==== DATA SECTION
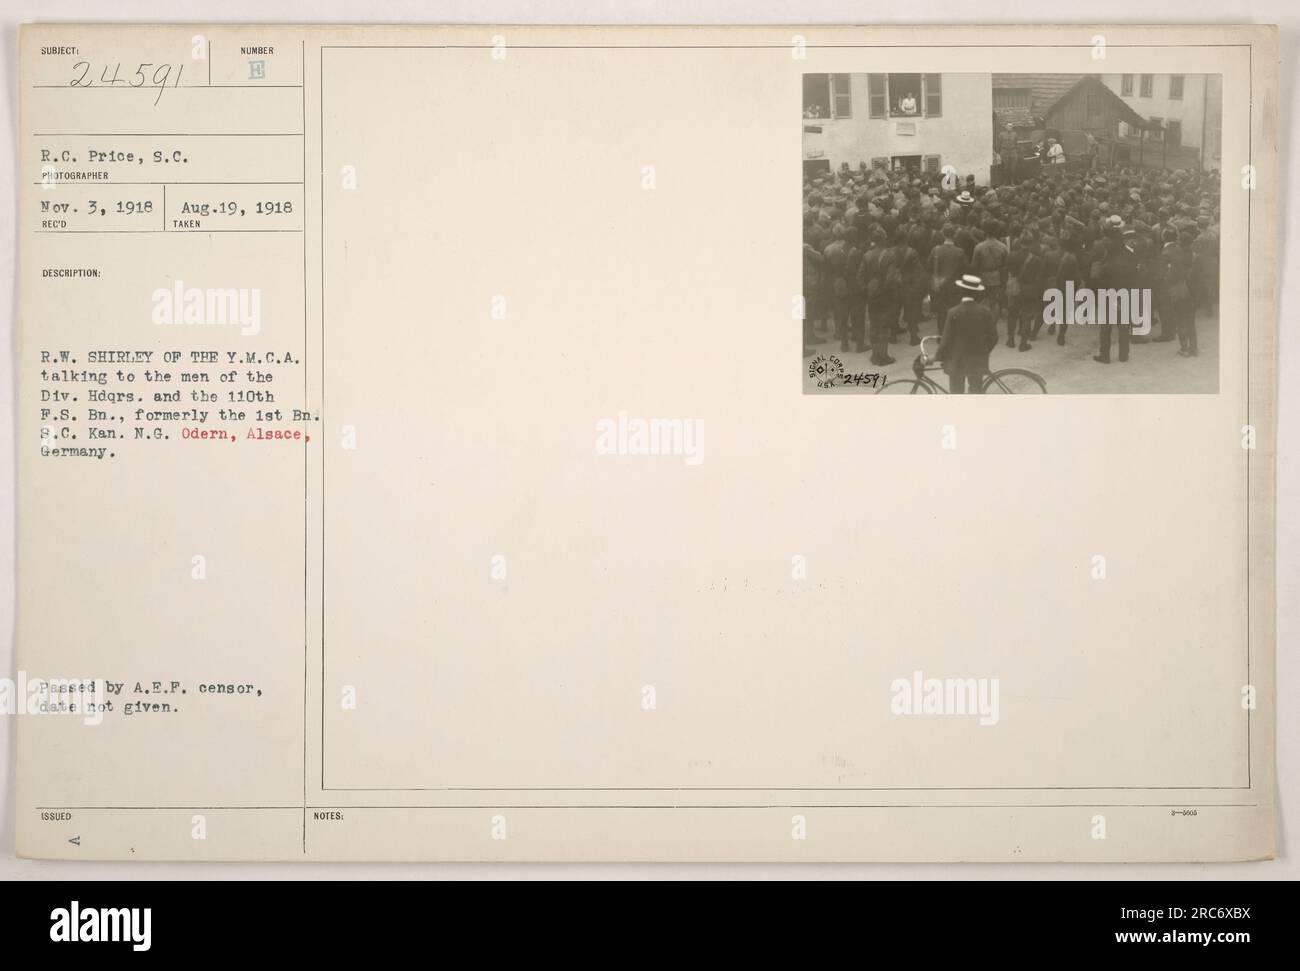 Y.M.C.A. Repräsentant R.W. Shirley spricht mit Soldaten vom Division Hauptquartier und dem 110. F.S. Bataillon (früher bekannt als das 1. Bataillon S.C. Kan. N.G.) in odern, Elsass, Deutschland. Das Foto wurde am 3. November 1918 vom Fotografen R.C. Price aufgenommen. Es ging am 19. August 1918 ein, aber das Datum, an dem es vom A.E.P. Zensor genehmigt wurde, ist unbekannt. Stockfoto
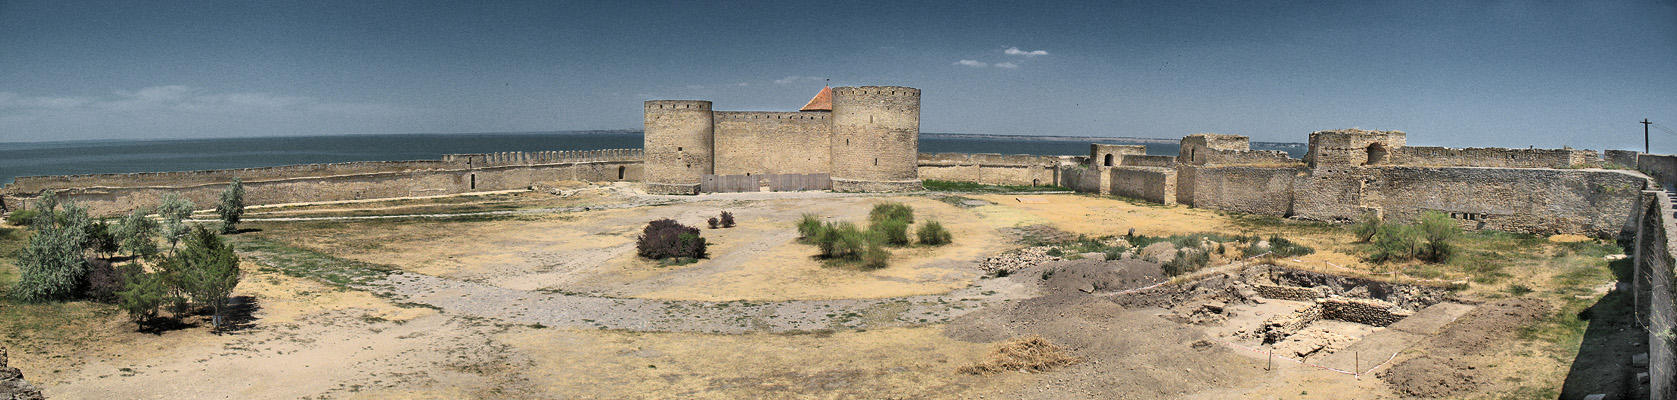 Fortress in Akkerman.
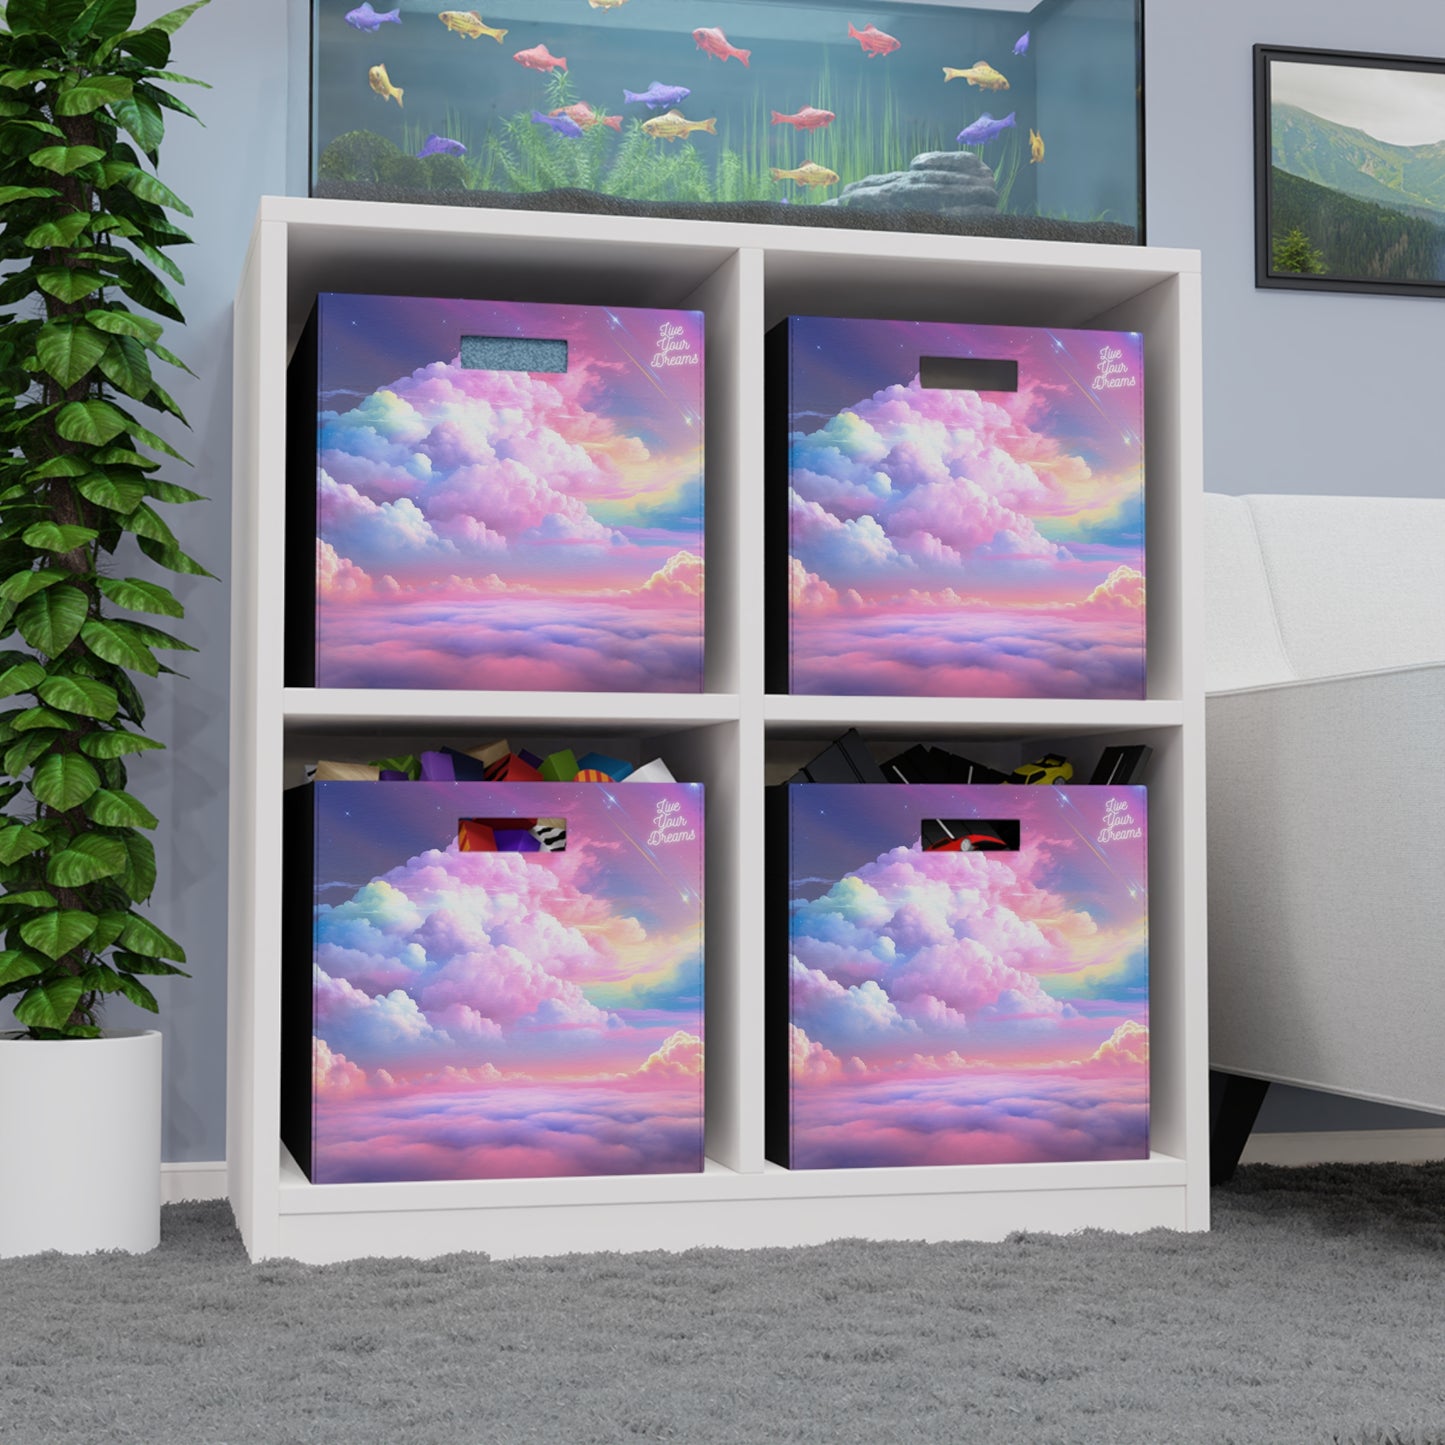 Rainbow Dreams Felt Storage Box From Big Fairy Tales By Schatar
========
TASK GOAL »
If the data includes images, skip them and copy every line exactly.

WORKED SOLUTION »
 Y.M.C.A. Repräsentant R.W. Shirley spricht mit Soldaten vom Division Hauptquartier und dem 110. F.S. Bataillon (früher bekannt als das 1. Bataillon S.C. Kan. N.G.) in odern, Elsass, Deutschland. Das Foto wurde am 3. November 1918 vom Fotografen R.C. Price aufgenommen. Es ging am 19. August 1918 ein, aber das Datum, an dem es vom A.E.P. Zensor genehmigt wurde, ist unbekannt. Stockfoto
 Fortress in Akkerman.
 Rainbow Dreams Felt Storage Box From Big Fairy Tales By Schatar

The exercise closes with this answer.